• EXERCISE DATA
....
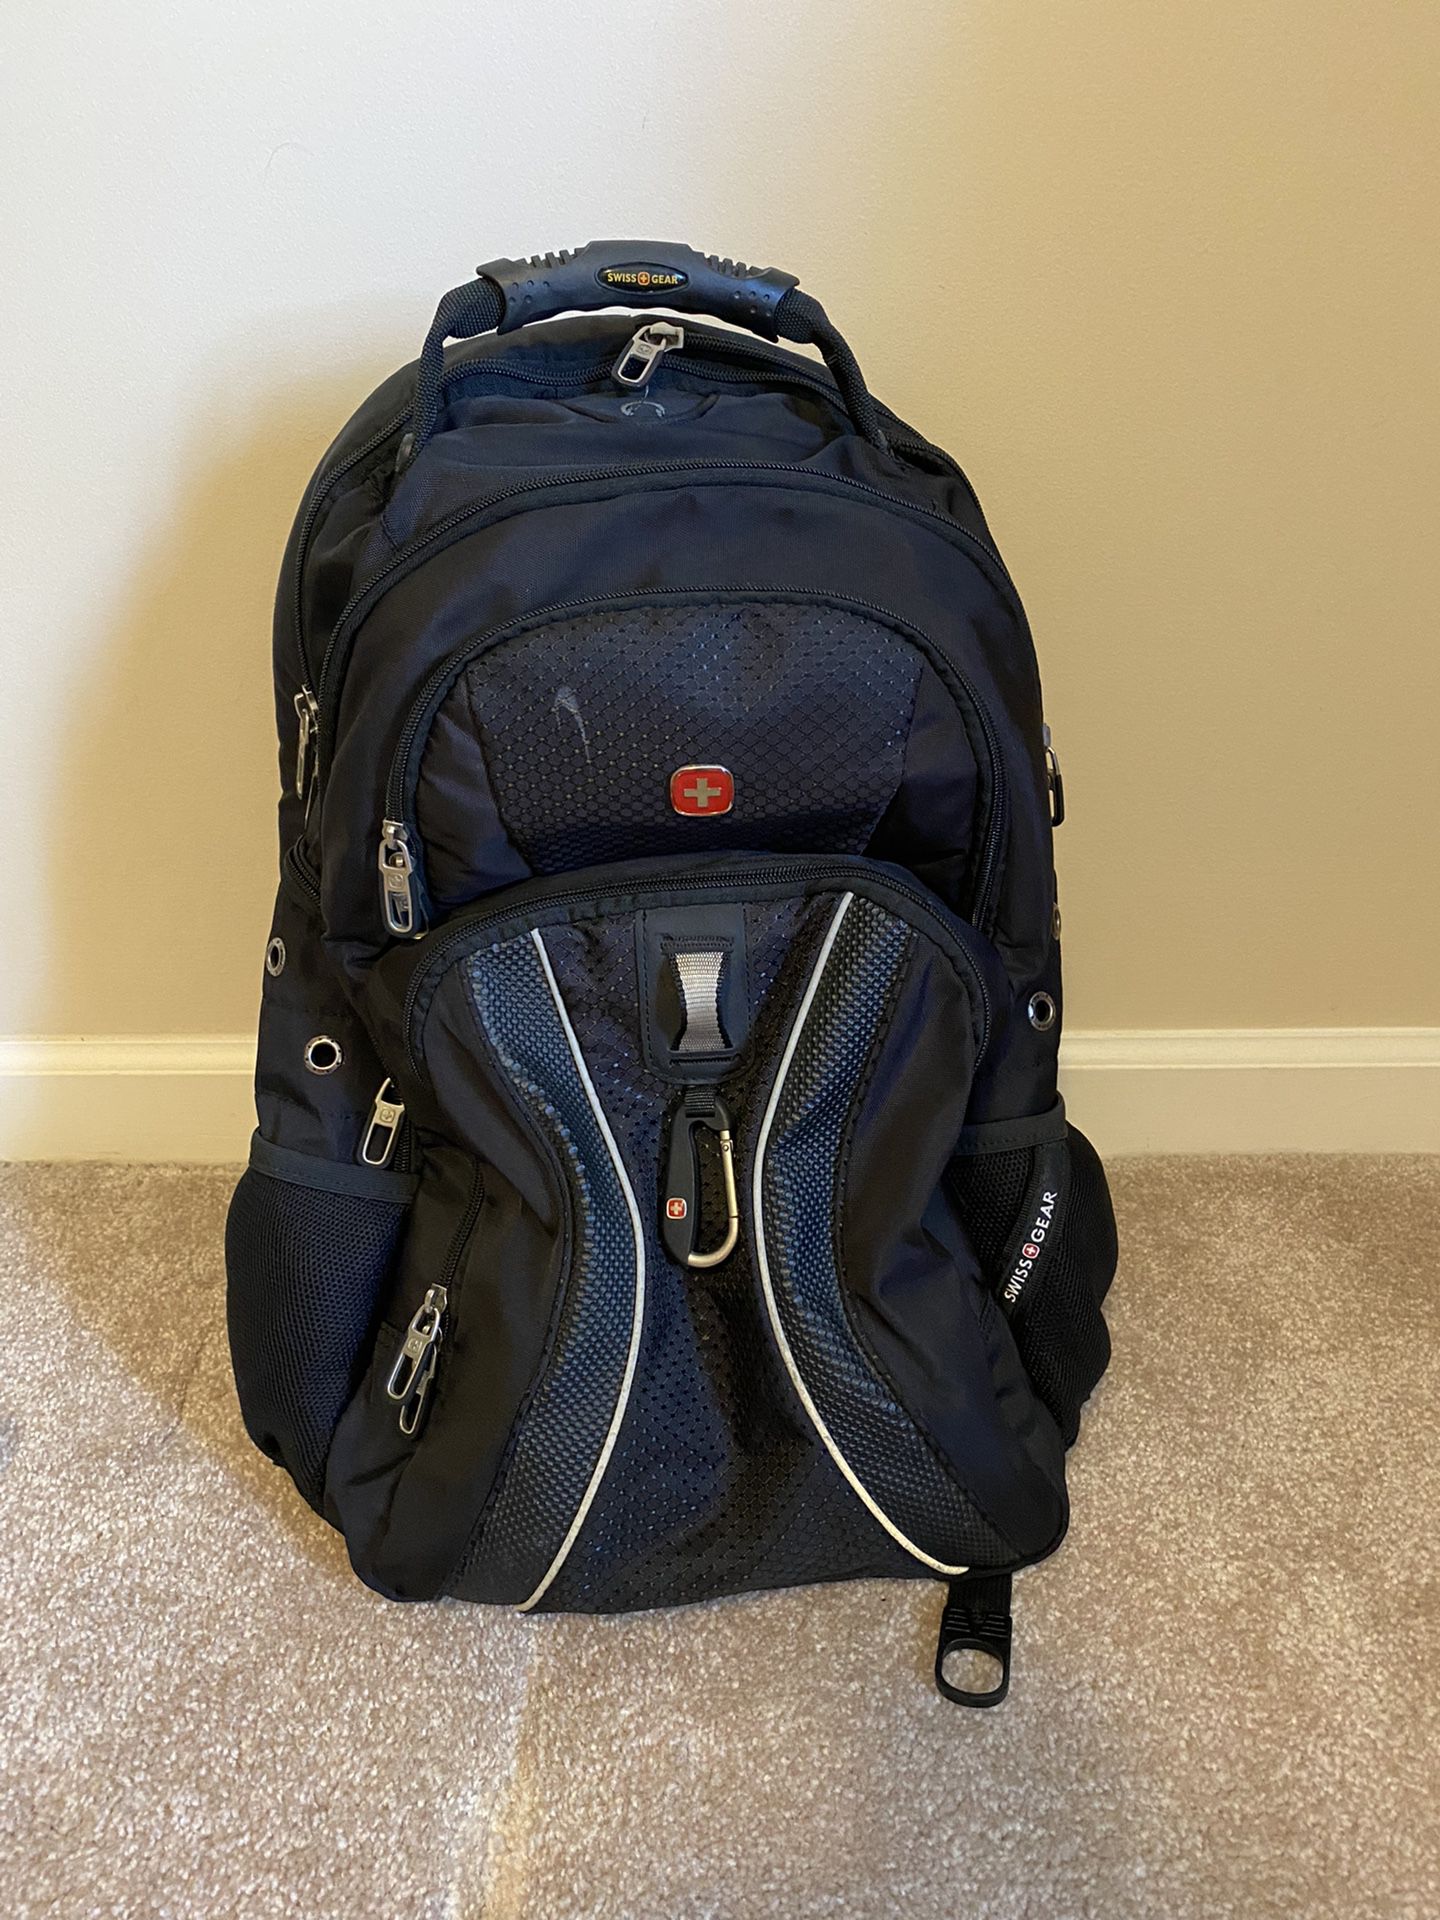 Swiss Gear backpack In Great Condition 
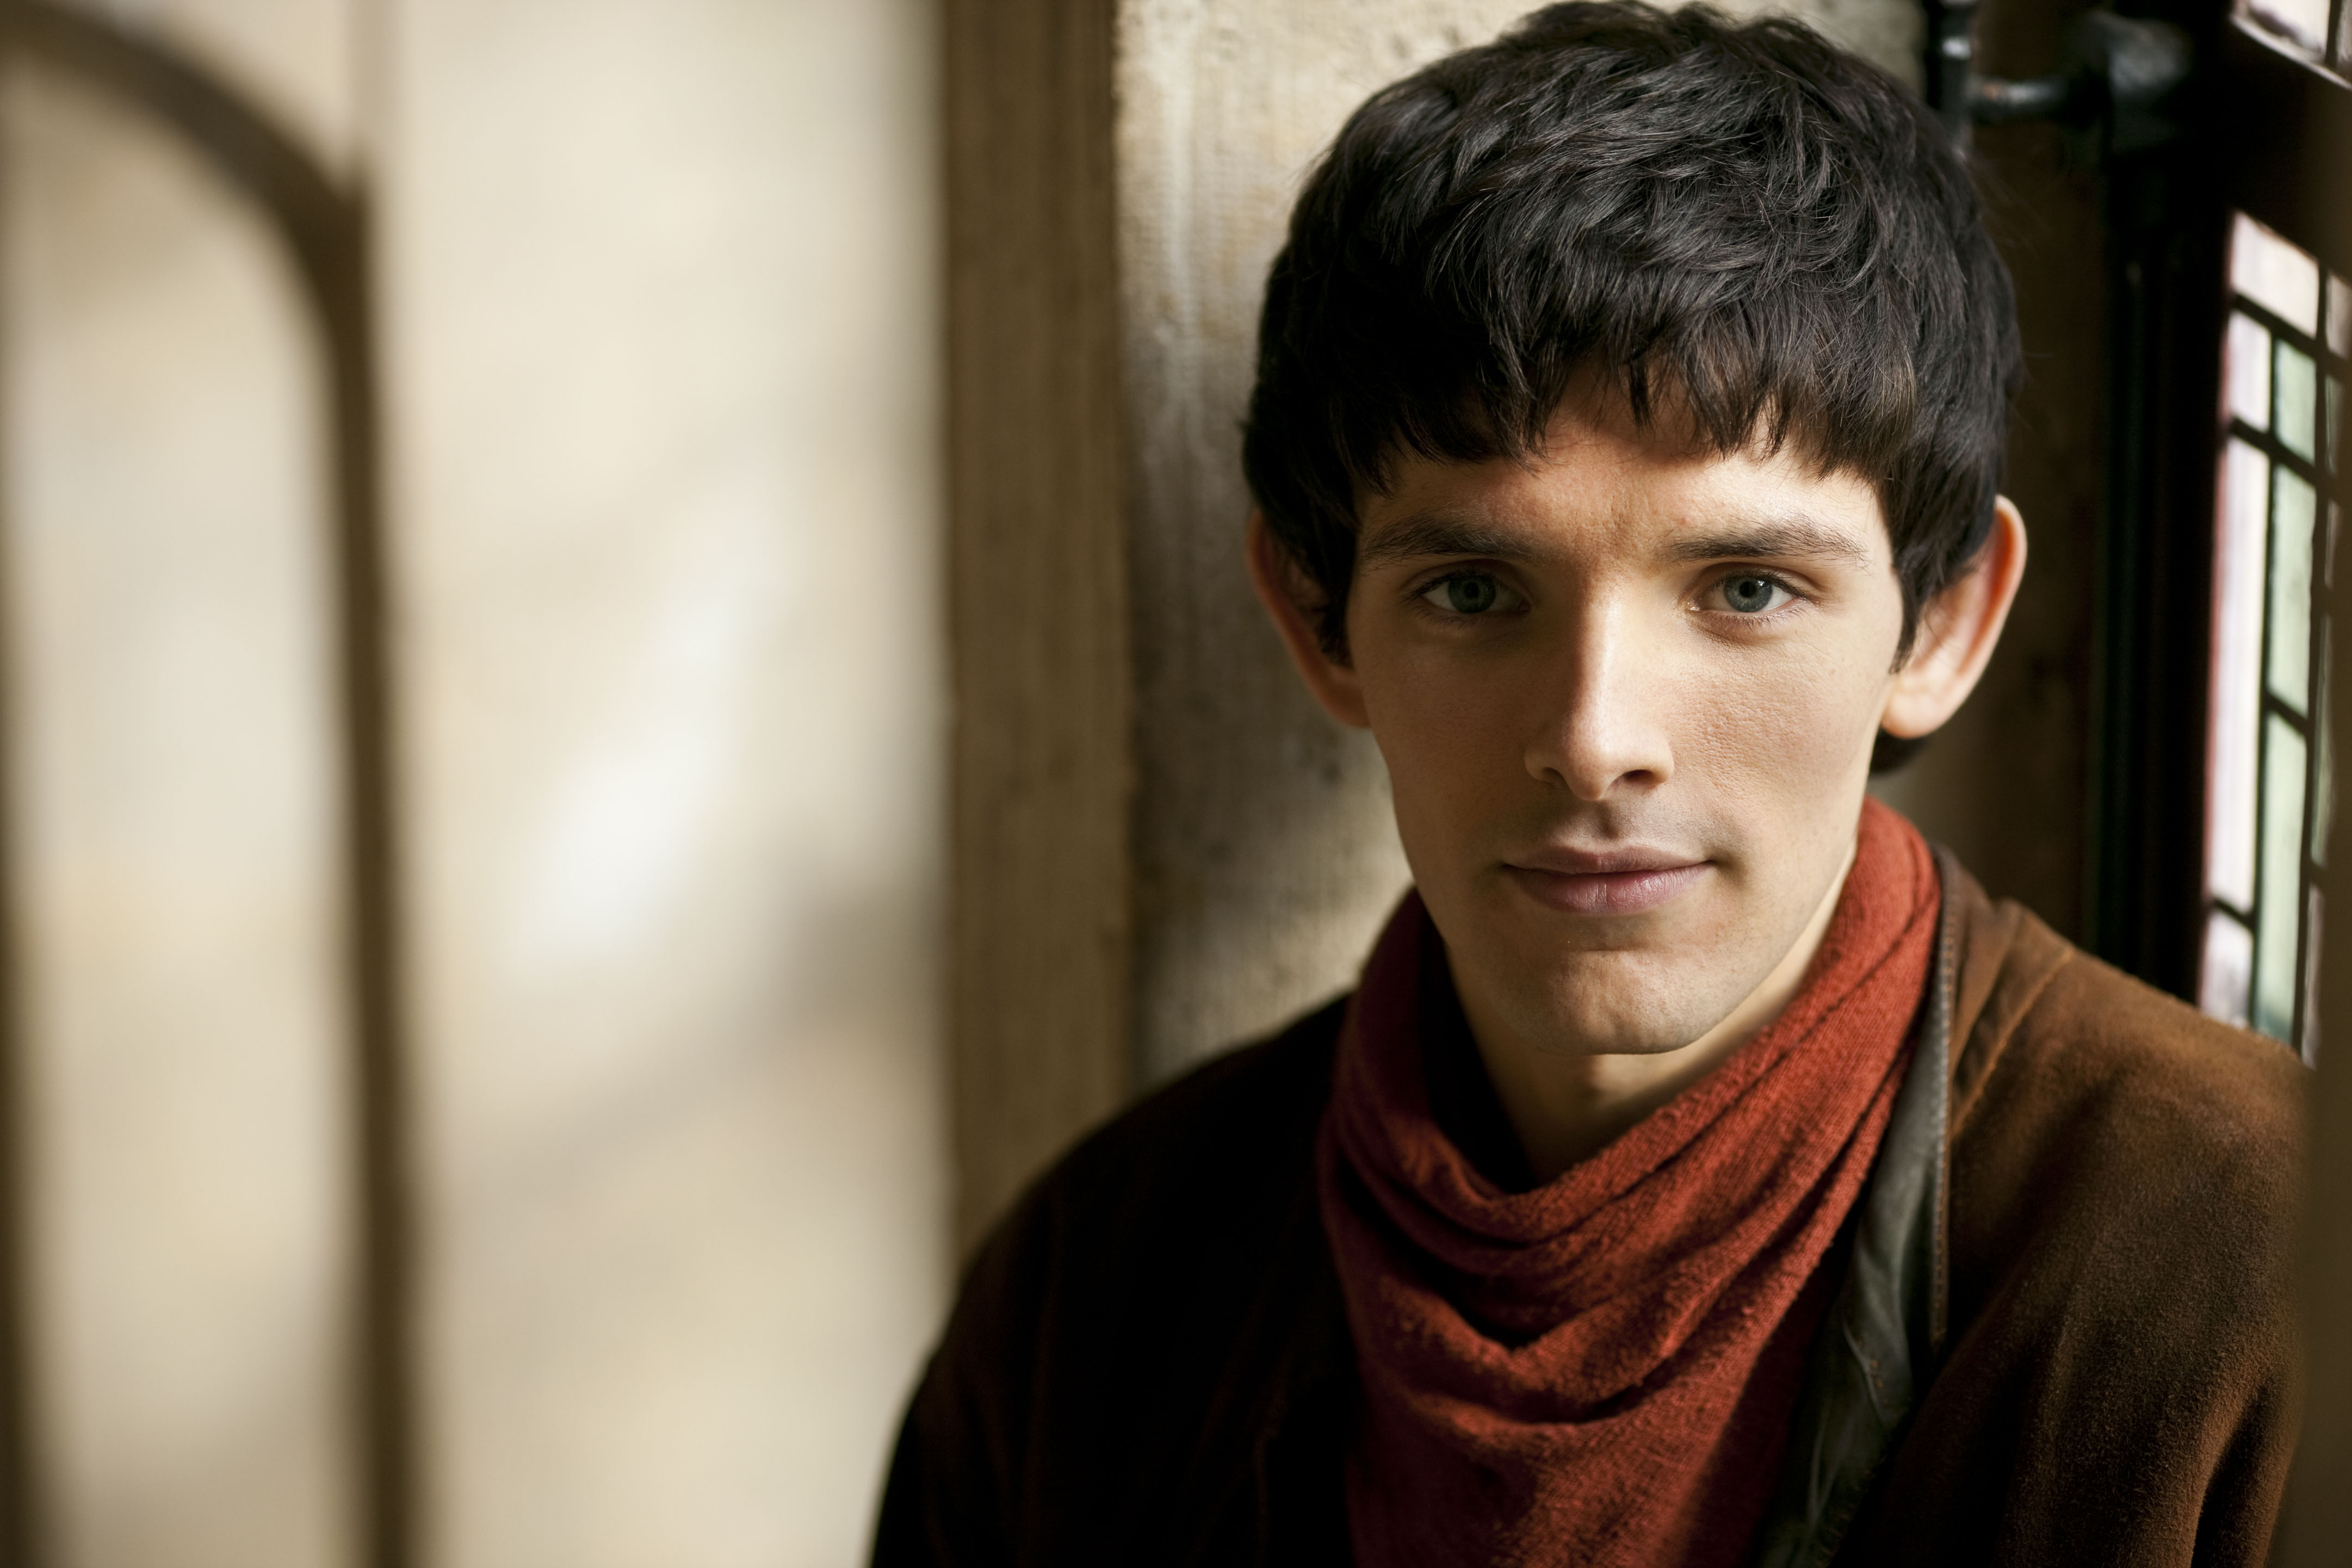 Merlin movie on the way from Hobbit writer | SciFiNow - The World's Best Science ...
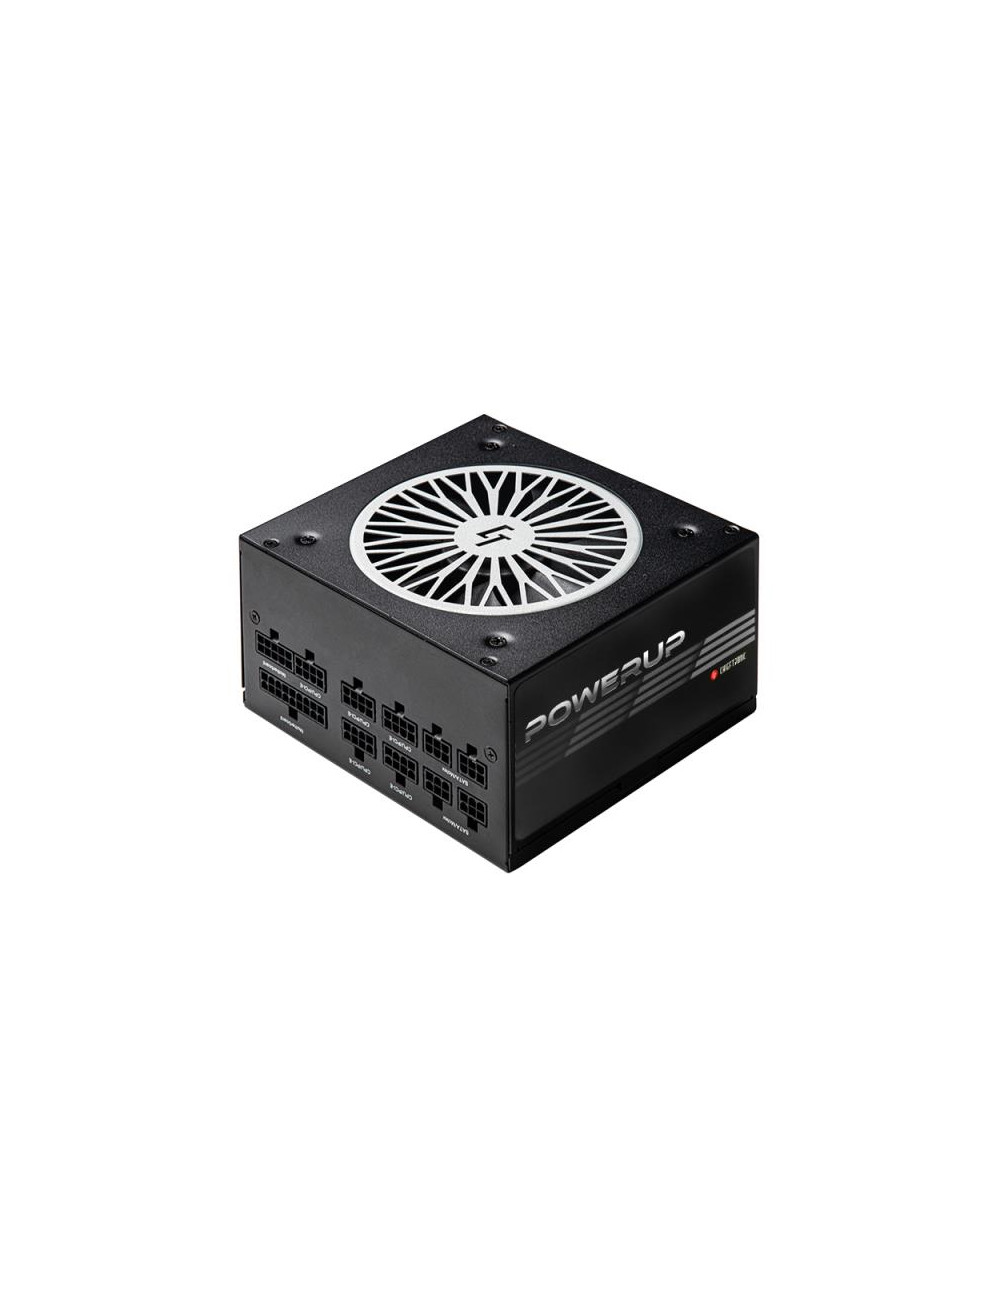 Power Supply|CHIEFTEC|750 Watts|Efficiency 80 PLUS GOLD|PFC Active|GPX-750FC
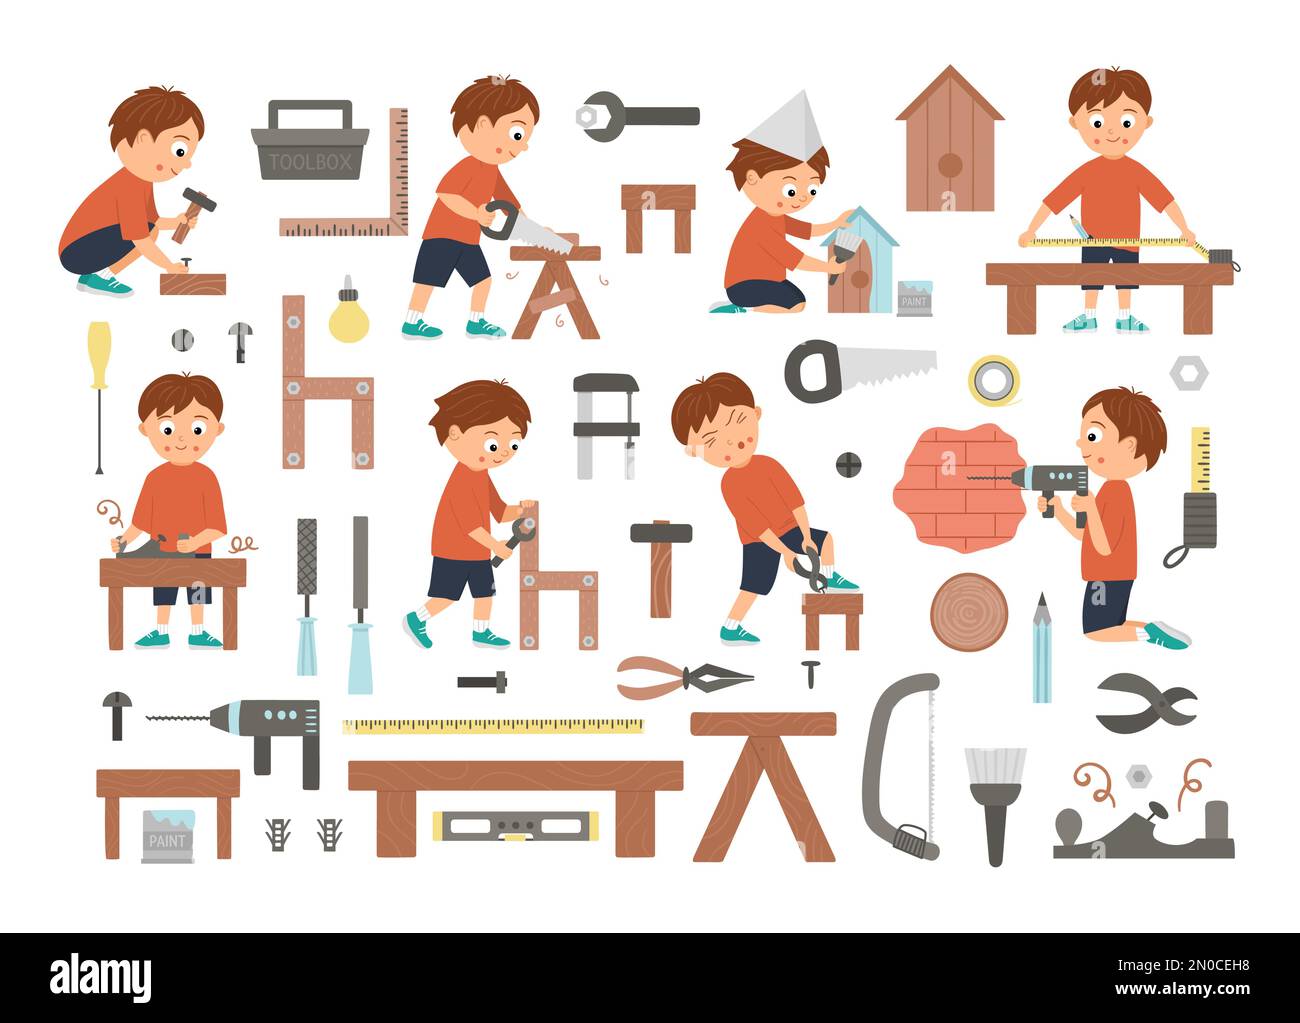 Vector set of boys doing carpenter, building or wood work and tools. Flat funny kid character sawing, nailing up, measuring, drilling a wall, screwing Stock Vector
....
• WHAT TO WORK ON
Every line of the listing above is to be repeated exactly, with its pictures left out.

• TASK ANSWER
 Swiss Gear backpack In Great Condition 
 Merlin movie on the way from Hobbit writer | SciFiNow - The World's Best Science ...
 Power Supply|CHIEFTEC|750 Watts|Efficiency 80 PLUS GOLD|PFC Active|GPX-750FC
 Vector set of boys doing carpenter, building or wood work and tools. Flat funny kid character sawing, nailing up, measuring, drilling a wall, screwing Stock Vector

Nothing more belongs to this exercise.